As we can observe, the ranks behave in a linear fashion and that is expected. However, the interesting part comes when we further subset this distribution by another variable:

p <- sample@meta.data %>% # Extract metadata
     dplyr::mutate(cell_name = rownames(sample@meta.data)) %>% # Get the cell names.
     dplyr::select(.data$cell_name, .data$rank, .data$seurat_clusters) %>% # Select the columns to plot.
     dplyr::arrange(.data$rank) %>% # Reorder the rows.
     dplyr::mutate(cell_name = factor(.data$cell_name, levels = .data$cell_name)) %>% # Conver to factor for plotting.
     ggplot2::ggplot(mapping = ggplot2::aes(x = .data$cell_name, y = .data$rank)) +
     ggplot2::geom_point() +
     ggplot2::theme(axis.text = ggplot2::element_blank(),
                    axis.ticks = ggplot2::element_blank()) + 
     ggplot2::xlab("Cell name") + 
     ggplot2::ylab("Rank") + 
     ggplot2::facet_wrap("seurat_clusters", ncol = 5)
p

Here, we can see that not all clusters show the same distribution or ranks. There will be clusters where the distribution is shifted to the higher ranks and others to the lower ones. Plotting this differential distributions in a nice way is the aim of SCpubr::do_BeeSwarmPlot(). This is achieved by using the ggbeeswarm package. The idea of using the ggbeeswarm::geom_quasirandom() geometry provided by this package and implement it for single-cell analyses came from this tutorial from the Broad Institute.

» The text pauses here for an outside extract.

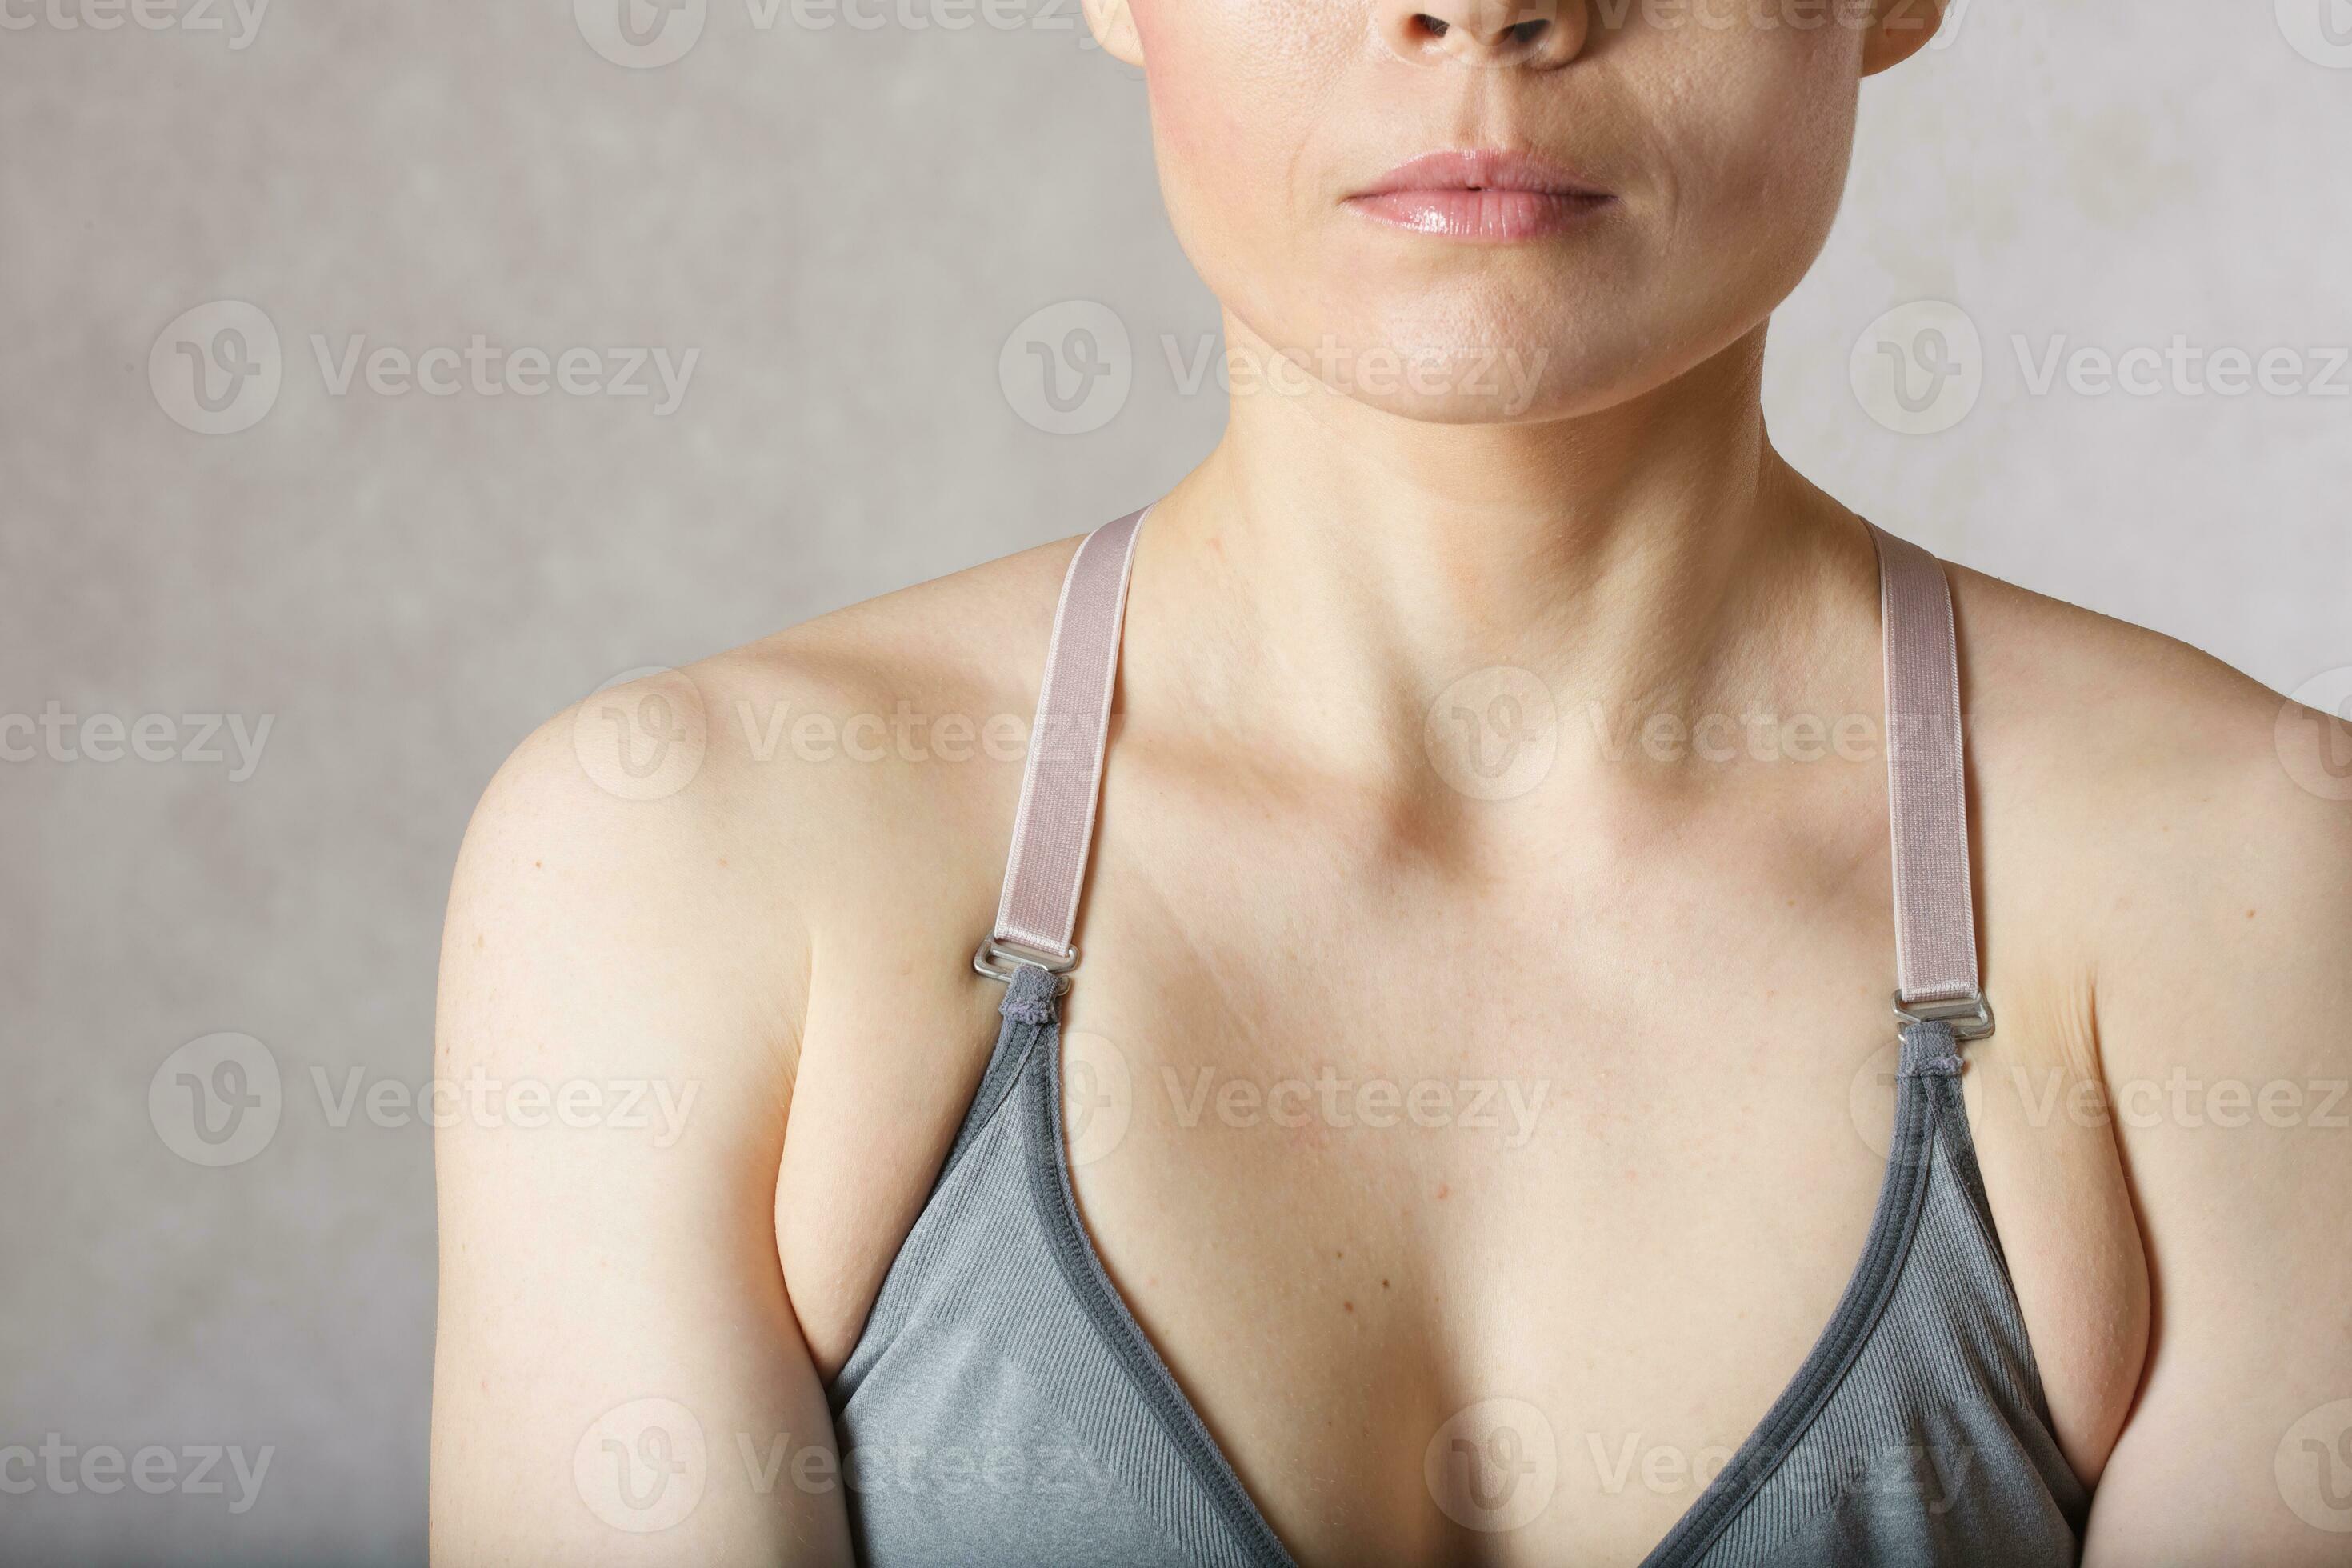 Underarm fat at young woman. Closeup 26170575 Stock Photo at Vecteezy

Using categorical variables

Let’s say we want to focus on how much each cluster is driven by the PC_1 and PC_2. The first thought is to just use SCpubr::do_Dimplot() to plot the PCA embedding instead of the UMAP. We also query PC_3 and PC_4 to have a not-so-clear example.

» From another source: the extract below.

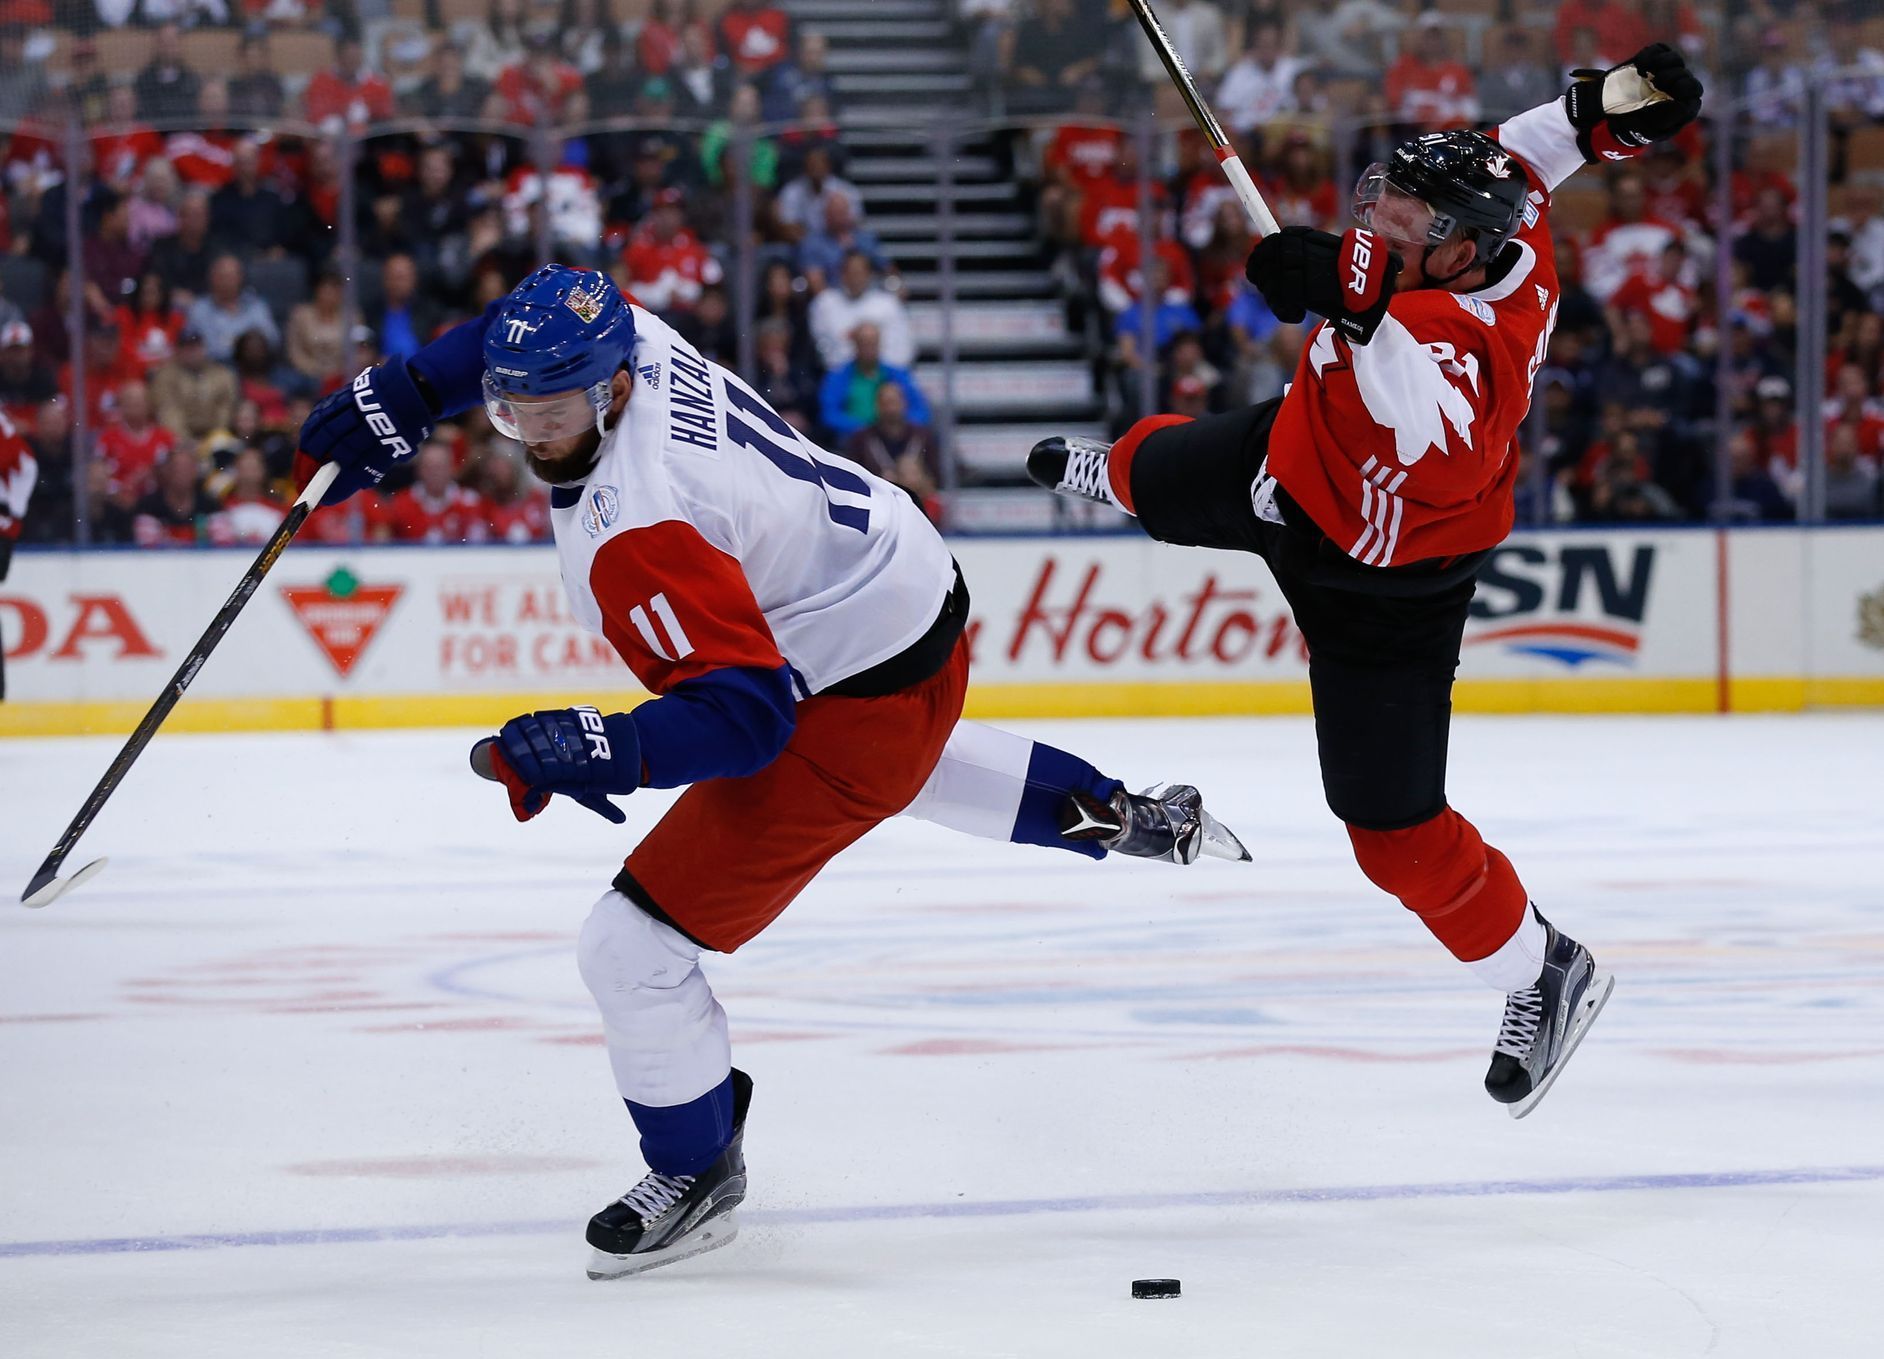 Kanada - Česko, hokejový Světový pohár 2016

p1 <- SCpubr::do_DimPlot(sample, 
                         reduction = "pca", 
                         label = TRUE, 
                         legend.position = "none", 
                         dims = c(1, 2)) 
p2 <- SCpubr::do_DimPlot(sample, 
                         reduction = "pca", 
                         label = TRUE, 
                         legend.position = "none",
                         dims = c(3, 4)) 

p <- p1 | p2
p

With this, we get right away a decent overview. Clusters 0, 5, 7 and 8 separate on PC_1 from the rest. However, in many cases this will not be clear, such as the image on the right. This is where Bee Swarm plots come in handy. This is implemented in SCpubr::do_BeeSwarmPlot(). This function needs the user to provide: - The variable to rank to feature_to_rank. - The groups to divide the plot into to group.by. - Whether the output should be colored with a categorical or continuous scale, with continuous_feature.

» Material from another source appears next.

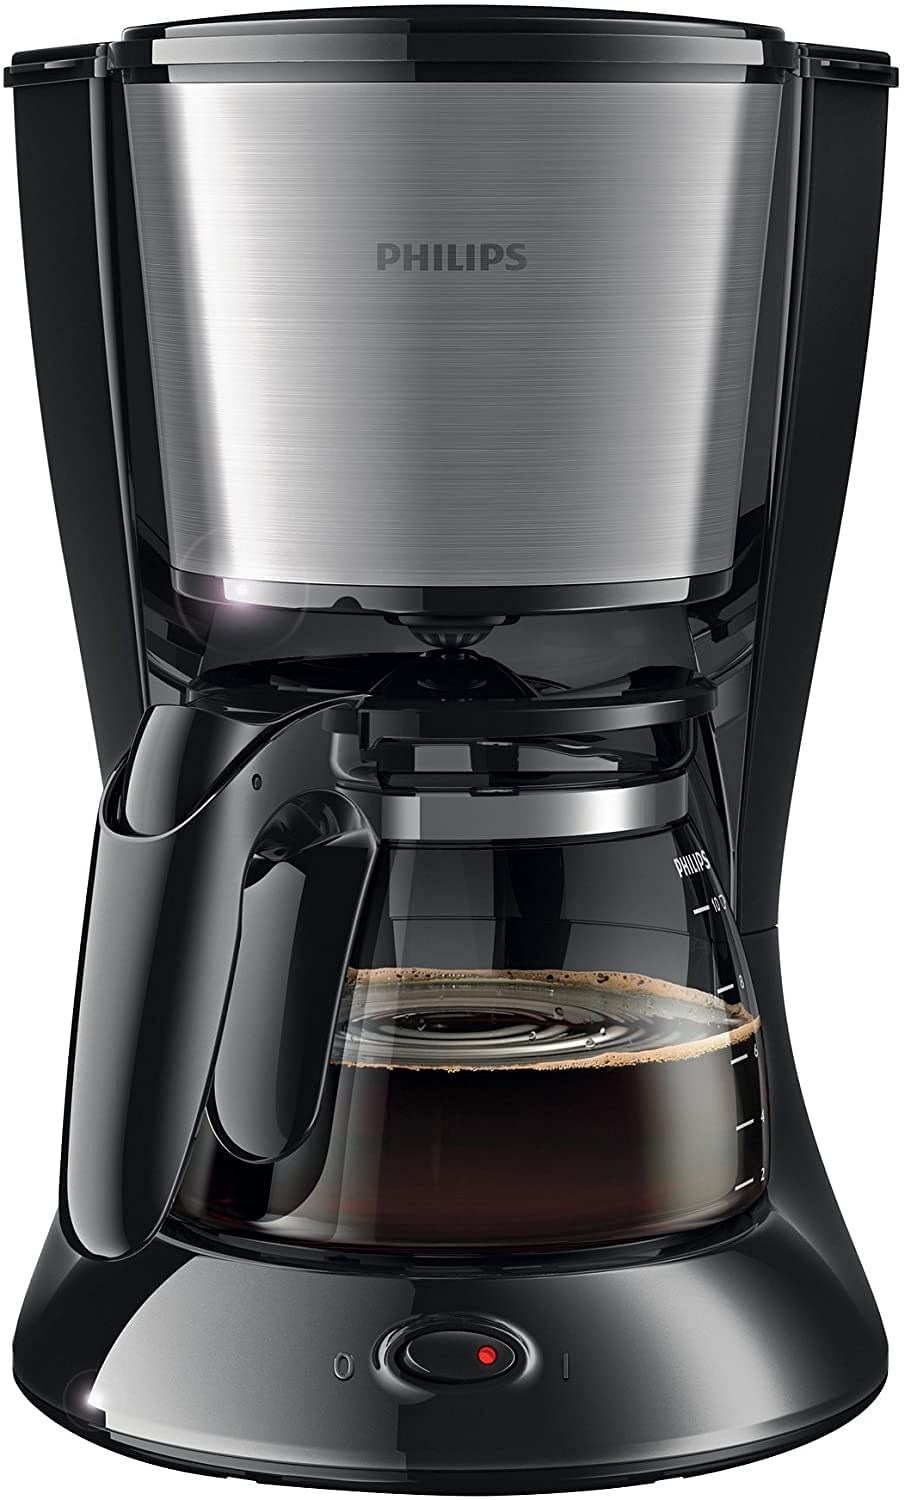 ماكينة تحضير القهوة ديلي كوليكشن من فيليبس HD7457/20 - اسود، 1000 وات

p1 <- SCpubr::do_DimPlot(sample = sample, 
                         reduction = "pca", 
                         label = TRUE, 
                         legend.position = "none",
                         dims = c(1, 2))

p2 <- SCpubr::do_DimPlot(sample = sample, 
                         reduction = "pca", 
                         label = TRUE, 
                         legend.position = "none",
                         dims = c(3, 4)) 

p3 <- SCpubr::do_BeeSwarmPlot(sample = sample, 
                              feature_to_rank = "PC_1", 
                              group.by = "seurat_clusters", 
                              continuous_feature = FALSE)

p4 <- SCpubr::do_BeeSwarmPlot(sample = sample, 
                              feature_to_rank = "PC_4", 
                              group.by = "seurat_clusters", 
                              continuous_feature = FALSE)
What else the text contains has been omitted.